| Provided data |
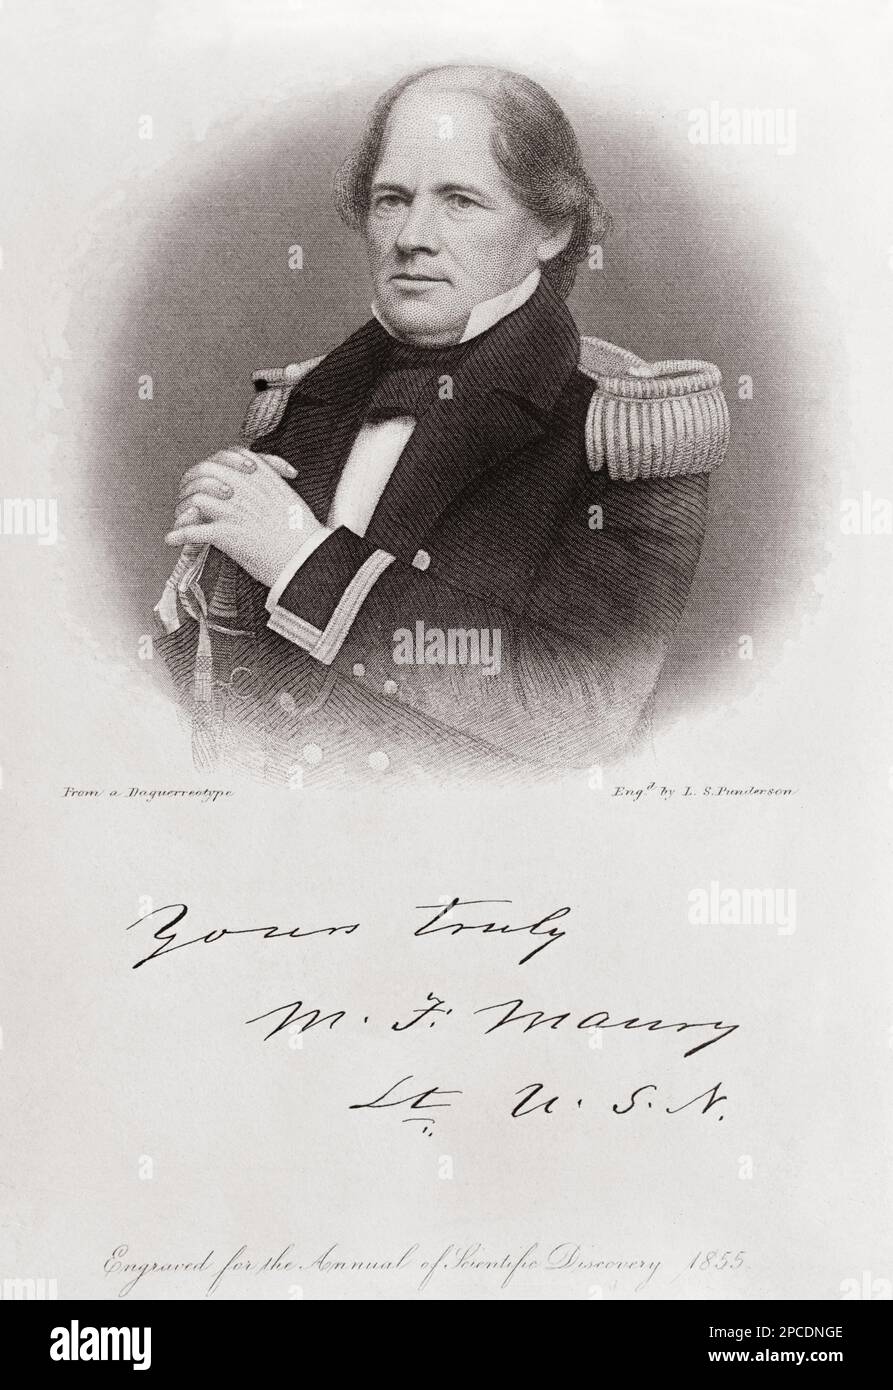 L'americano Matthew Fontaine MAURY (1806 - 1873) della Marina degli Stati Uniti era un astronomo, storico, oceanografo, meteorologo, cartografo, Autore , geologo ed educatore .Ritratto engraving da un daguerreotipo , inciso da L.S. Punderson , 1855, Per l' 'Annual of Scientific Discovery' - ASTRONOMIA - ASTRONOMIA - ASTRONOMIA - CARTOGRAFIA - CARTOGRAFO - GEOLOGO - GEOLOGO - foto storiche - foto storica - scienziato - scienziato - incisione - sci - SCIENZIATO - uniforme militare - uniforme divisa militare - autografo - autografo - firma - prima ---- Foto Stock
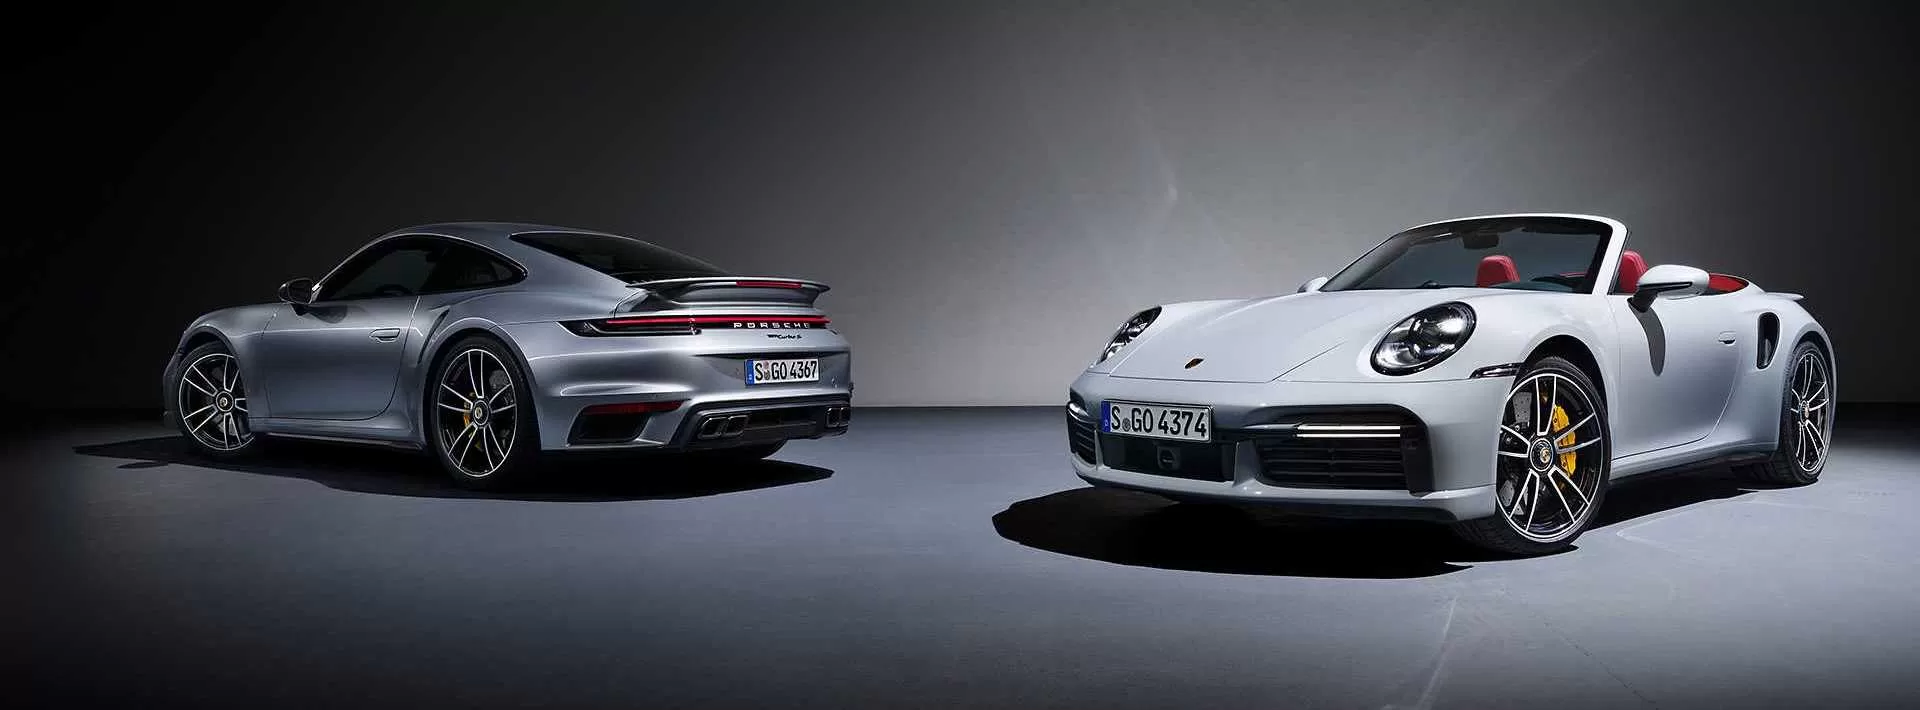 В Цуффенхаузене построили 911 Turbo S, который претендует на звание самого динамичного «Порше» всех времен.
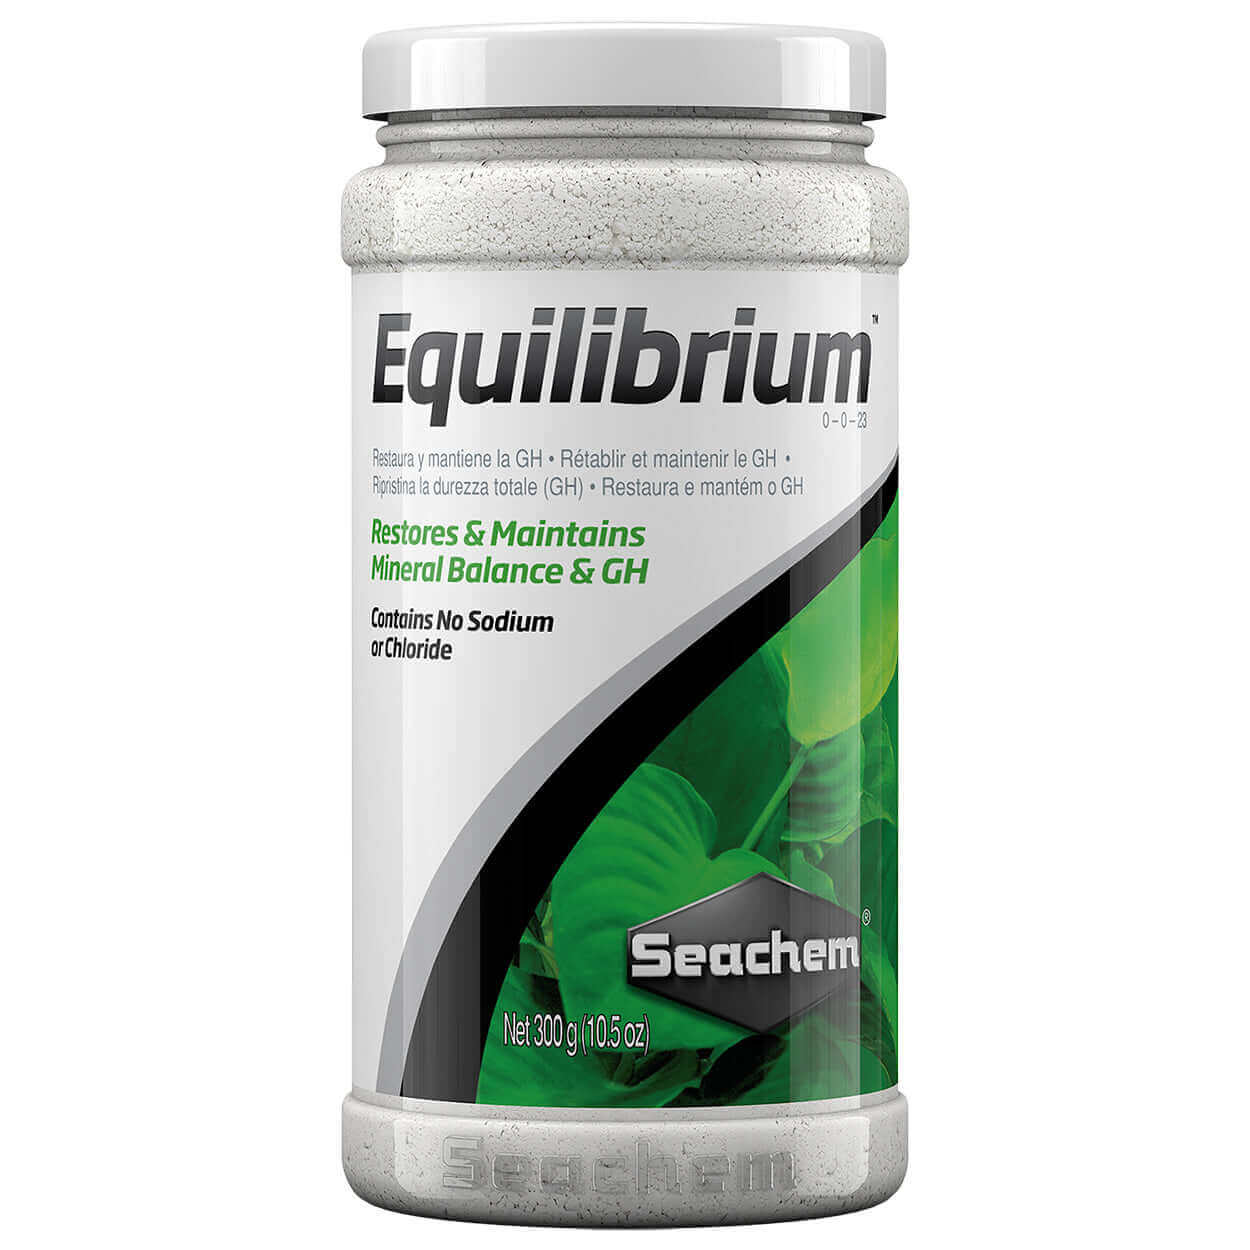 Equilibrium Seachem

| Brief |
Because the copy must hold no pictures, return only the lines that run from the line containing "В Цуффенхаузене построили" to the end of the data above, each exactly as it stands.

| Answer section |
 В Цуффенхаузене построили 911 Turbo S, который претендует на звание самого динамичного «Порше» всех времен.
 Equilibrium Seachem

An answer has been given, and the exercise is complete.